The Woman in Cabin 10|
Gallery/Scout Press, 2017, PB, 384 pp, $16.00
Lo Blacklock is a travel journalist for Velocity magazine. She gets a cushy assignment on a boutique luxury cruising ship and hopes it will boost her career. It is a maiden voyage for the Aurora Borealis, the owner hoping for good press to entice wealthy folks. It all seems very innocent.
Lo is a complex character. Prior to the trip her apartment is burglarized while she is in it and we get the first hint that all is not right. She uses some breathing methods that hint of therapy and learn throughout the novel that she has panic attacks and anxiety. Blacklock also is not afraid of a mini-bar, or popping a cork.
All of this is important because with the drinking and anxiety medication Lo is the perfect candidate for gaslighting. Lo believes she hears a body from the cabin next to hers (cabin 10) being thrown overboard, she looks over the verandah and believes she sees blood, and calls security.
This is a classic locked door mystery. If you enjoy Agatha Christie or Sir Arthur Conan Doyle I believe you will enjoy this novel. There are many twists that will keep you guessing. A woman is missing, but all staff and passengers are accounted for. Lo questions herself, but the fact is that she saw a woman in the cabin and now that woman is gone. Her own terrifying experience of being burgled, and the helplessness she felt then kindles a need to figure out the truth and help this other victim.

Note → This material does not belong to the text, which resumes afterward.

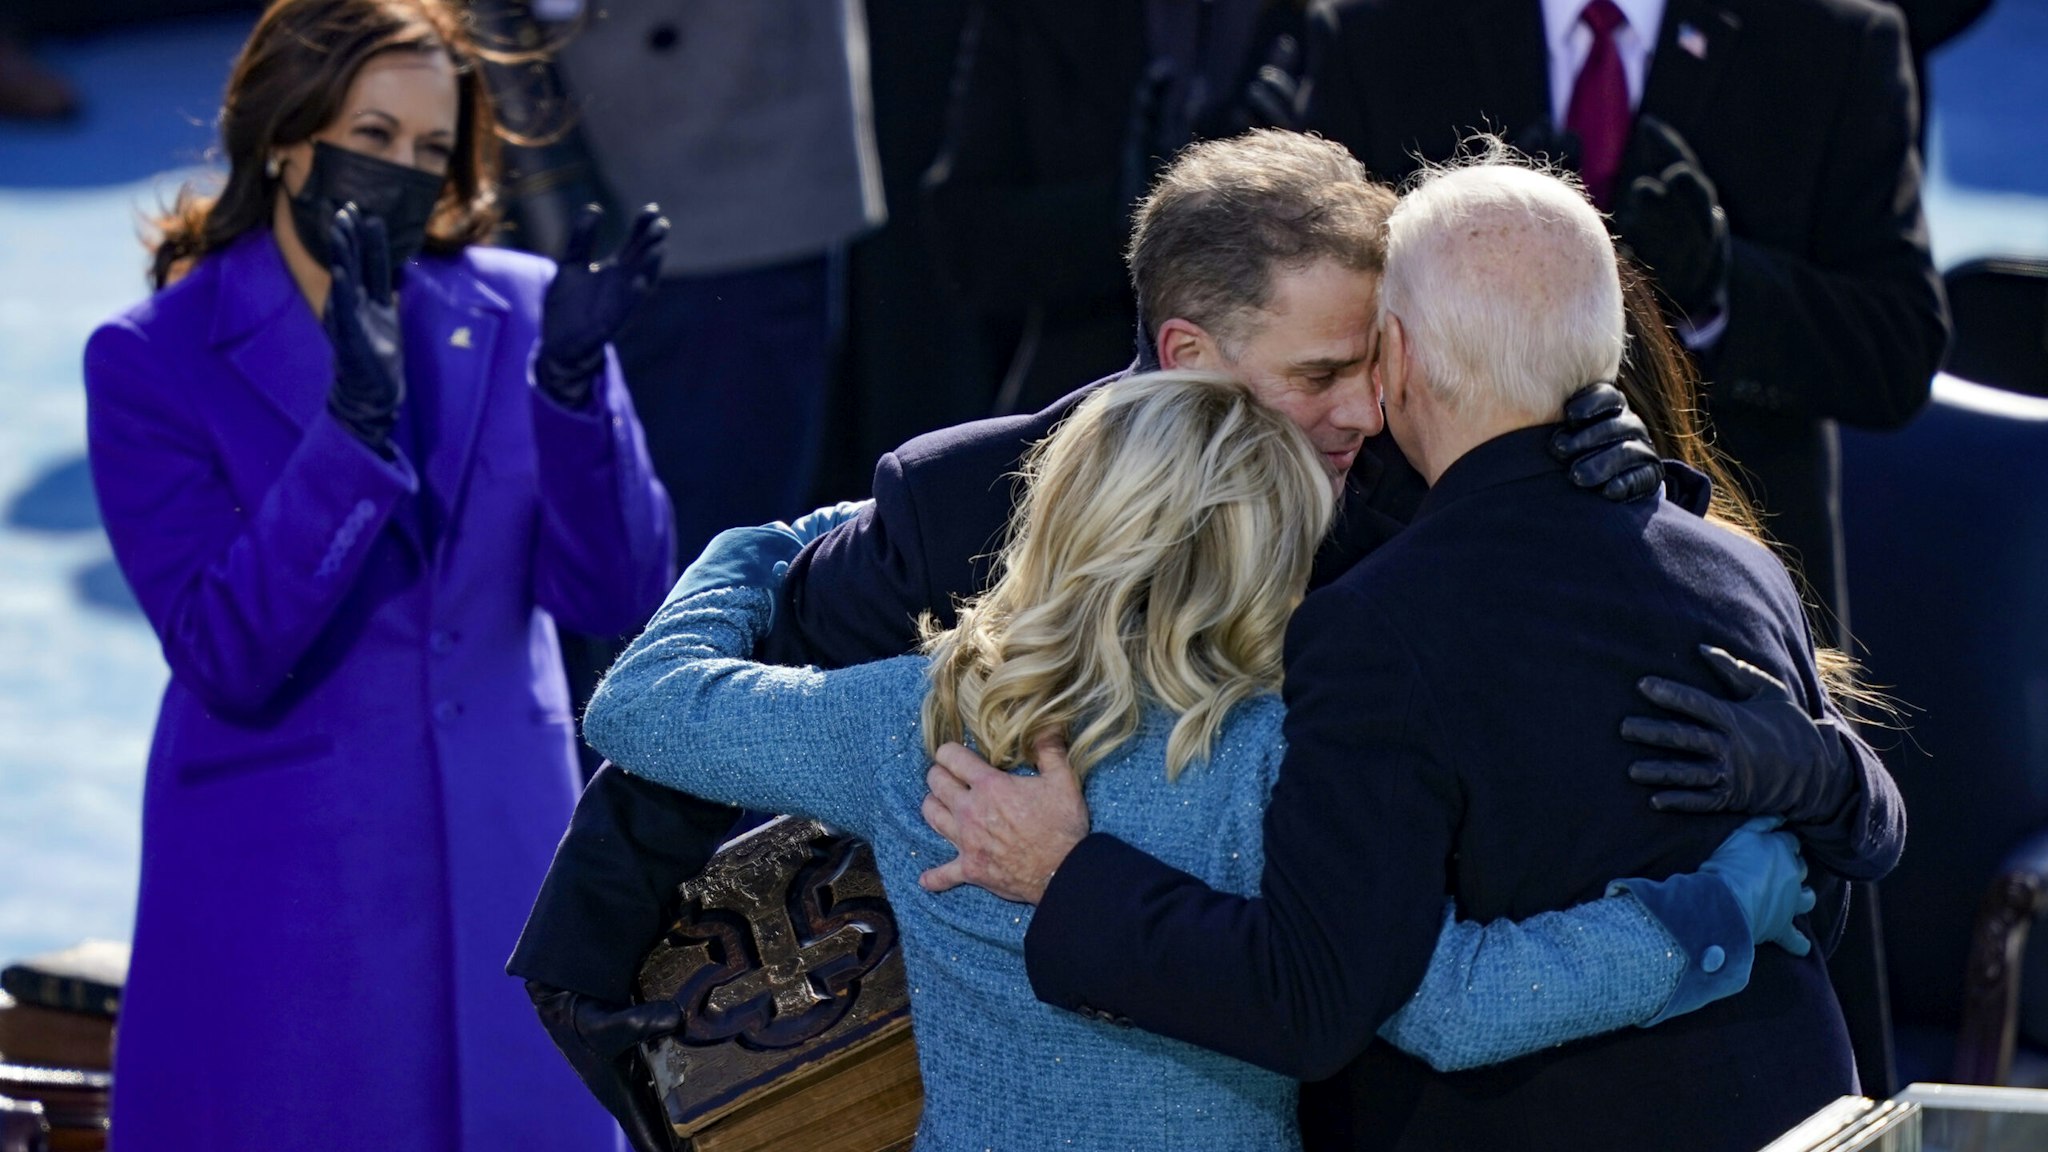 U.S. President Joe Biden embraces his family First Lady Dr. Jill Biden, son Hunter Biden and daughter Ashley after being sworn in during his inauguation on the West Front of the U.S. Capitol on January 20, 2021 in Washington, DC. During today's inauguration ceremony Joe Biden becomes the 46th president of the United States.

Blacklock has no real allies. The security officer makes a point out of her drinking, and that she shouldn't mix her meds with alcohol so the only person she can rely on is herself; and she's pretty shaky. I love the way Ware builds Lo Blacklock's character. Lo is very accessible, her flaws make her more sympathetic, but not pitiable. She is very strong, introspective and pretty kick ass. She refuses to allow the issue to be swept away. In one conversation with security officer Nilsson she says "So that's it then, you think, just because of a handful of pills, I'm a paranoid nutjob who can't tell fact from fiction? She goes on to say to Nilsson "NO! I told you, you do not get to do this. You do not get to call me obsequious names and then dismiss what I've told you. Yes, I haven't been sleeping. Yes I'd been drinking. ...It has nothing to do with what I saw."
I won't go much more into the plot because I don't want to spoil it. Needless to say I was riveted, even to the point where I almost...almost committed the cardinal sin of flipping to the end. I really wanted to know who done it! I will say that when you do get to the last quarter of the book, and the mystery unravels, our heroine is still in danger and has to get herself out of more than one calamity.
On another note I appreciated that Ruth Ware constructed this character with her "flaws". Anxiety and panic attacks affect many people. Ware addresses this honestly and hopefully destigmatizes it in a way by allowing our protagonist to be so strong and self-sufficient. I will definitely be reading her first novel "In a Dark, Dark Wood".